Laboratory work №5. Retrieve raw data from World Wide Web

Python competencies required to complete this tutorial:

  • working with external dependencies, going beyond Python standard library;

  • working with external modules: local and downloaded from PyPi;

  • working with files: create/read/update;

  • downloading web pages;

  • parsing web pages as HTML structure.

Scraping as a process contains the following steps:

  1. Crawling the website and collecting all pages that satisfy criteria given.

  2. Downloading selected pages content.

  3. Extracting specific content from pages downloaded.

  4. Saving necessary information.

As a part of the first milestone, you need to implement scraping logic as a scraper.py module. When it is run as a standalone Python program, it should perform all aforementioned stages.

Executing scraper

Example execution (Windows):

python scraper.py

Expected result:

  1. N articles from the given URL are parsed.

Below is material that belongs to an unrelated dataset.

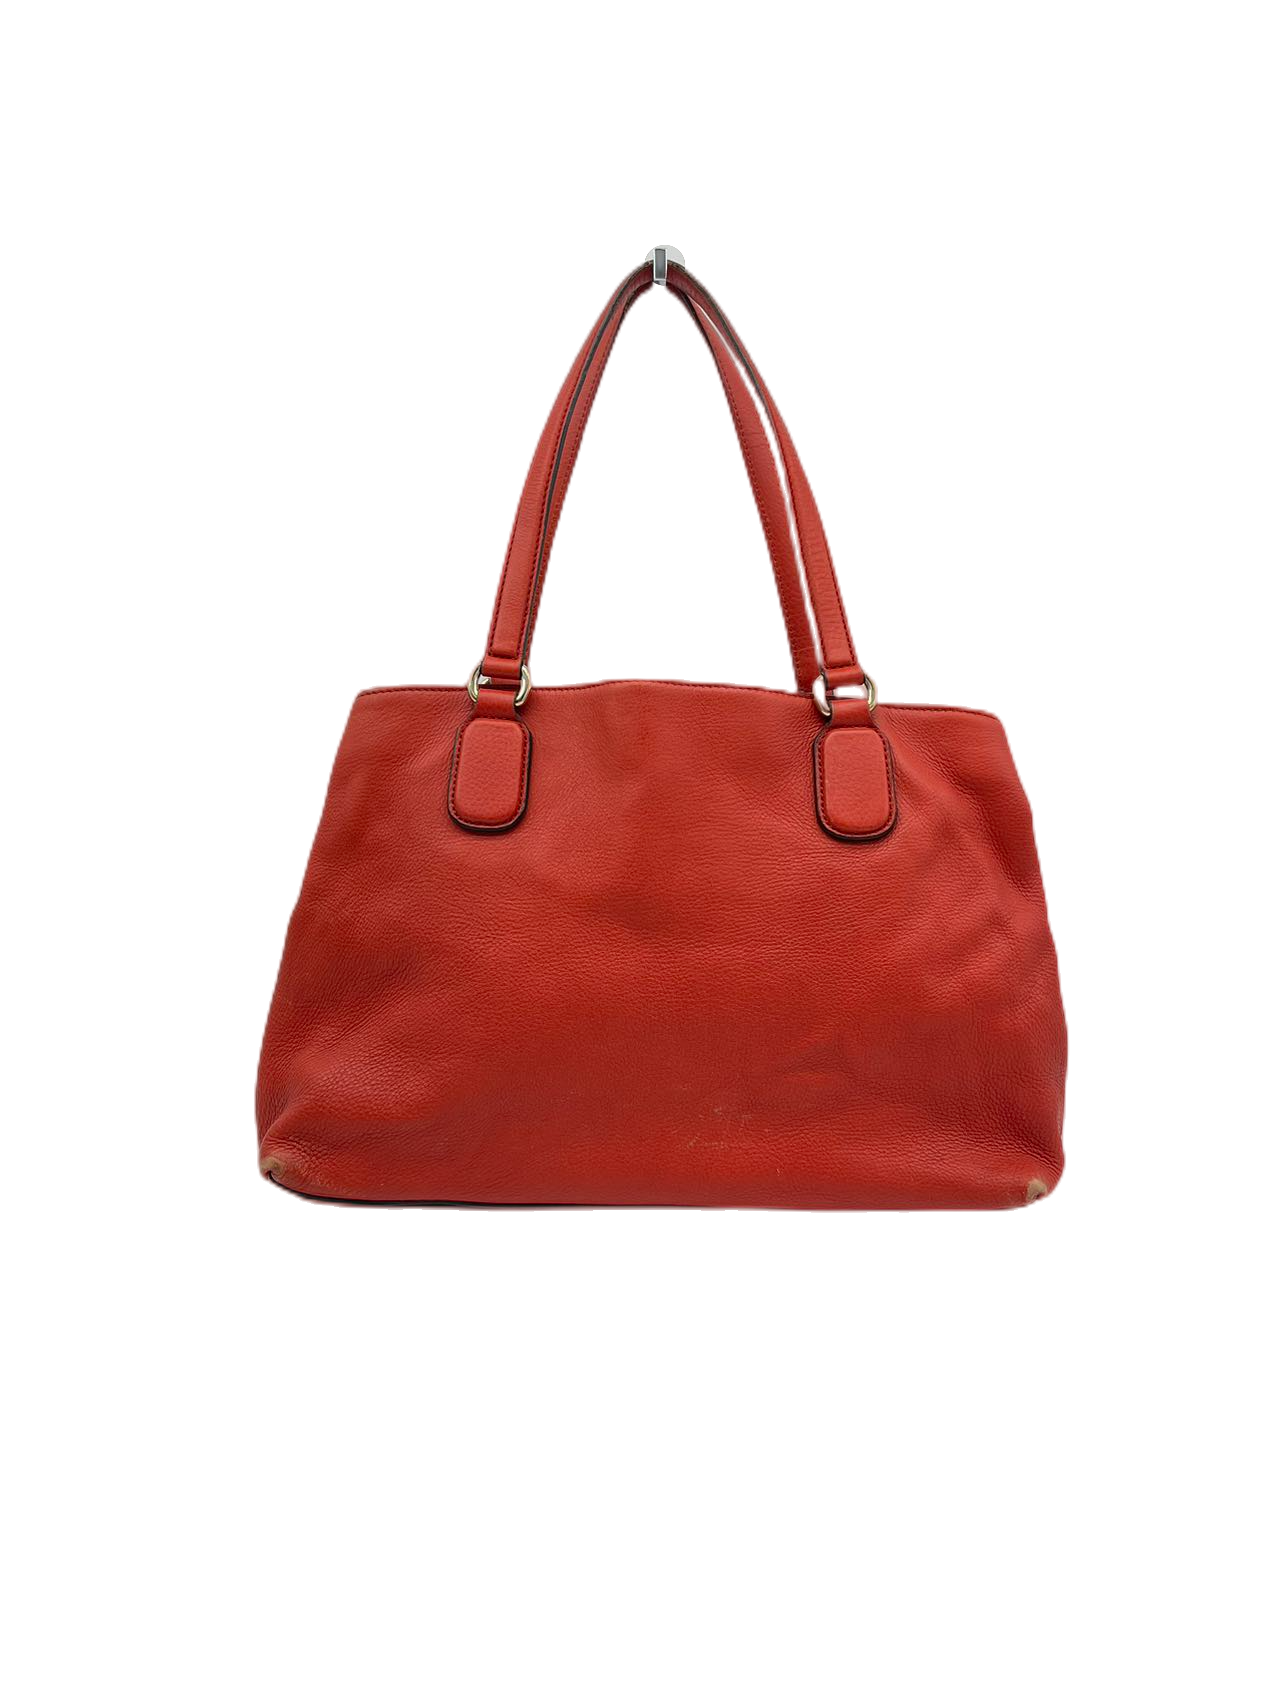 Preloved Gucci GG Logo leather Tassel Soho Totes Shoulder Bag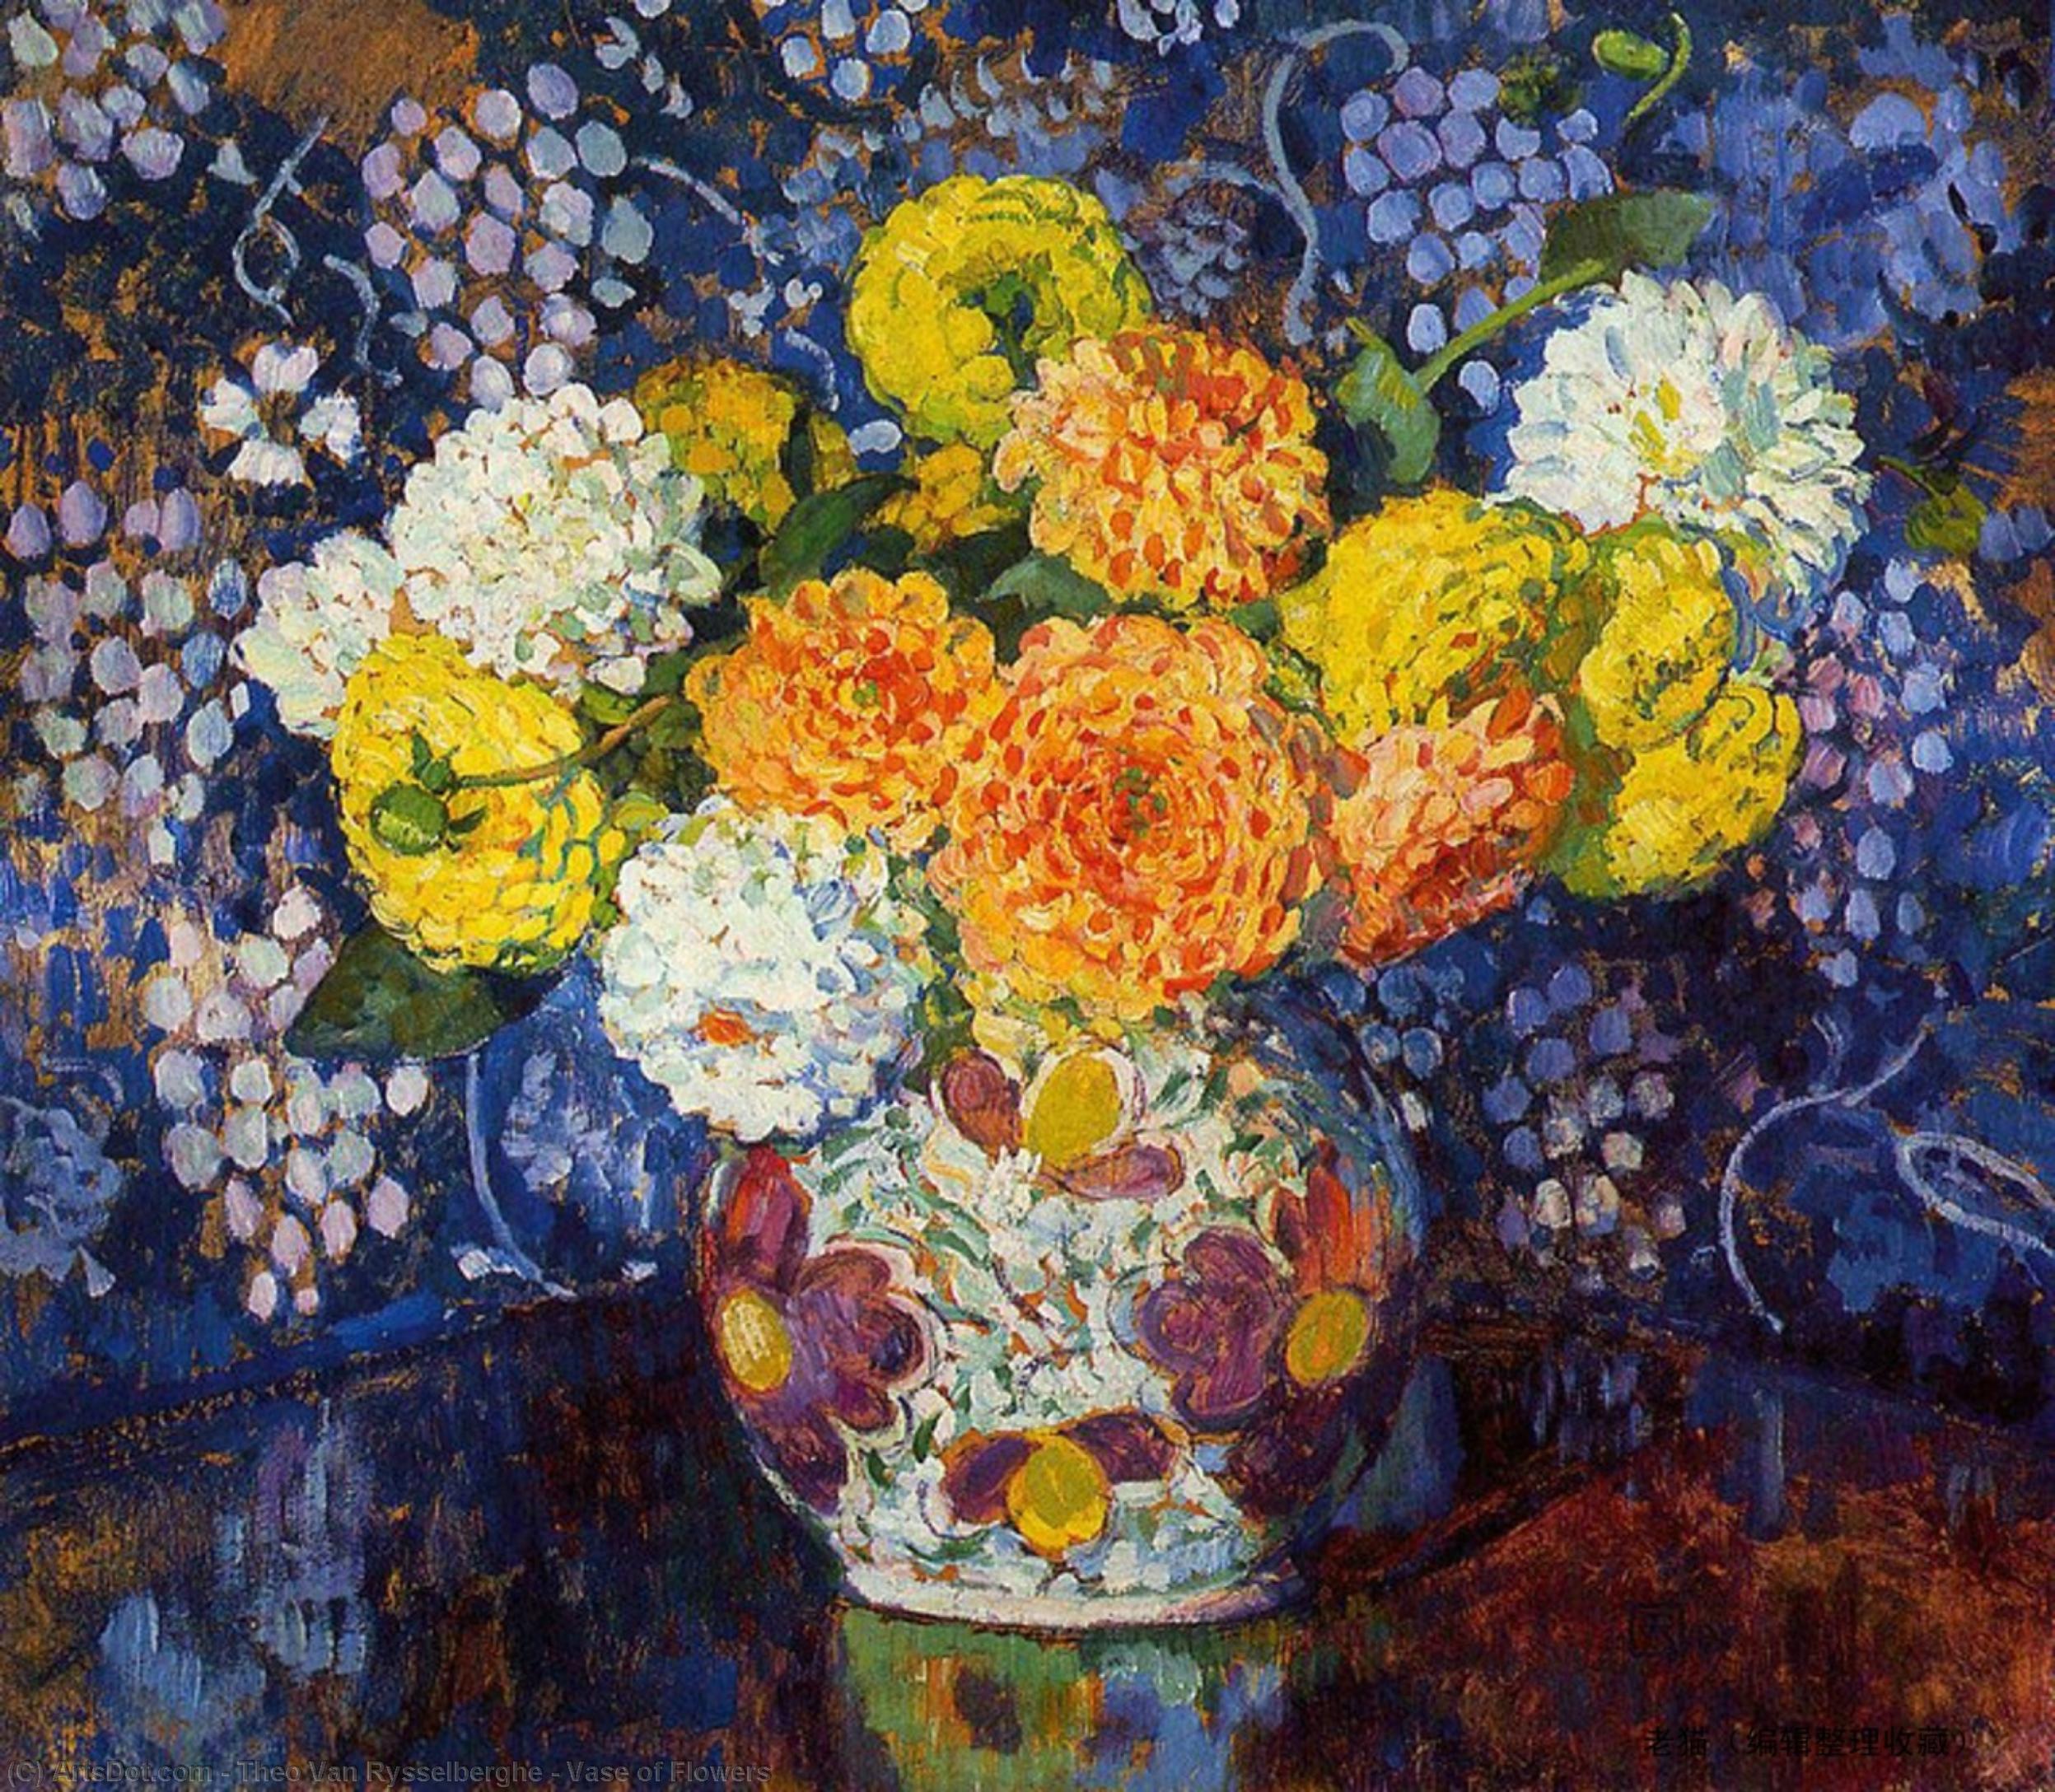 WikiOO.org - Encyclopedia of Fine Arts - Maleri, Artwork Theo Van Rysselberghe - Vase of Flowers

  2. All articles are downloaded to the tmp/articles directory. tmp directory should conform to the following structure:

+-- 2024-2-level-ctlr
    +-- tmp
        +-- articles
            +-- 1_raw.txt     <- the paper with the ID as the name
            +-- 1_meta.json   <- the paper meta-information
            +-- ...

Note

When using CI (Continuous Integration), generated raw-dataset.zip is available in build artifacts. Go to Actions tab in GitHub UI of your fork, open the last job and if there is an artifact, you can download it.

Configuring scraper

Scraper behavior is fully defined by a configuration file that is called scraper_config.json and it is placed at the same level as scraper.py. It is JSON file, simply speaking it is a set of key-value pairs.

Config parameter

Description

Type

seed_urls

Entry points for crawling. Can contain several URLs as there is no guarantee that there will be enough article links on a single page For example, [ "https://www.nn.ru/text/?page=2", "https://www.nn.ru/text/?page=3"]

list

headers

Headers let you pass additional information within request to the web page. For example, {"user-agent": "Mozilla/5.0"}

dict

total_articles_to_find_and_parse

Number of articles to parse. Range: 0<x<=150.

int

encoding

This parameter specifies encoding for the response received by the web page you request. For example, utf-8.

str

timeout

The amount of time you wait for a response from your web page. If the page does not respond in the specified time, an exception will be received. Range: 0<x<=60.

int

should_verify_certificate

Parameter that enables or disables the security certificate check of your requests to the page. Disable it if you cannot pass web page security certification. For example, true or false.

bool

headless_mode

Not used.

Note

seed_urls and total_articles_to_find_and_parse are used in lab_5_scraper.scraper.Crawler abstraction. headers, encoding, timeout, should_verify_certificate are used in lab_5_scraper.scraper.make_request() function. headless_mode is used only if you work with dynamic websites. See definition and requirements for these abstractions and functions within further steps.

Assessment criteria

You state your ambitions on the mark by editing target_score parameter in settings.json file. Possible values are 4, 6, 8, and 10. See example below:

6

would mean that you have made tasks for mark 6 and request mentors to check if you can get it. See mark requirements and explanations below:

  1. Desired mark 4:

    1. pylint level: 5/10.

    2. Scraper validates config and fails appropriately if the latter is incorrect.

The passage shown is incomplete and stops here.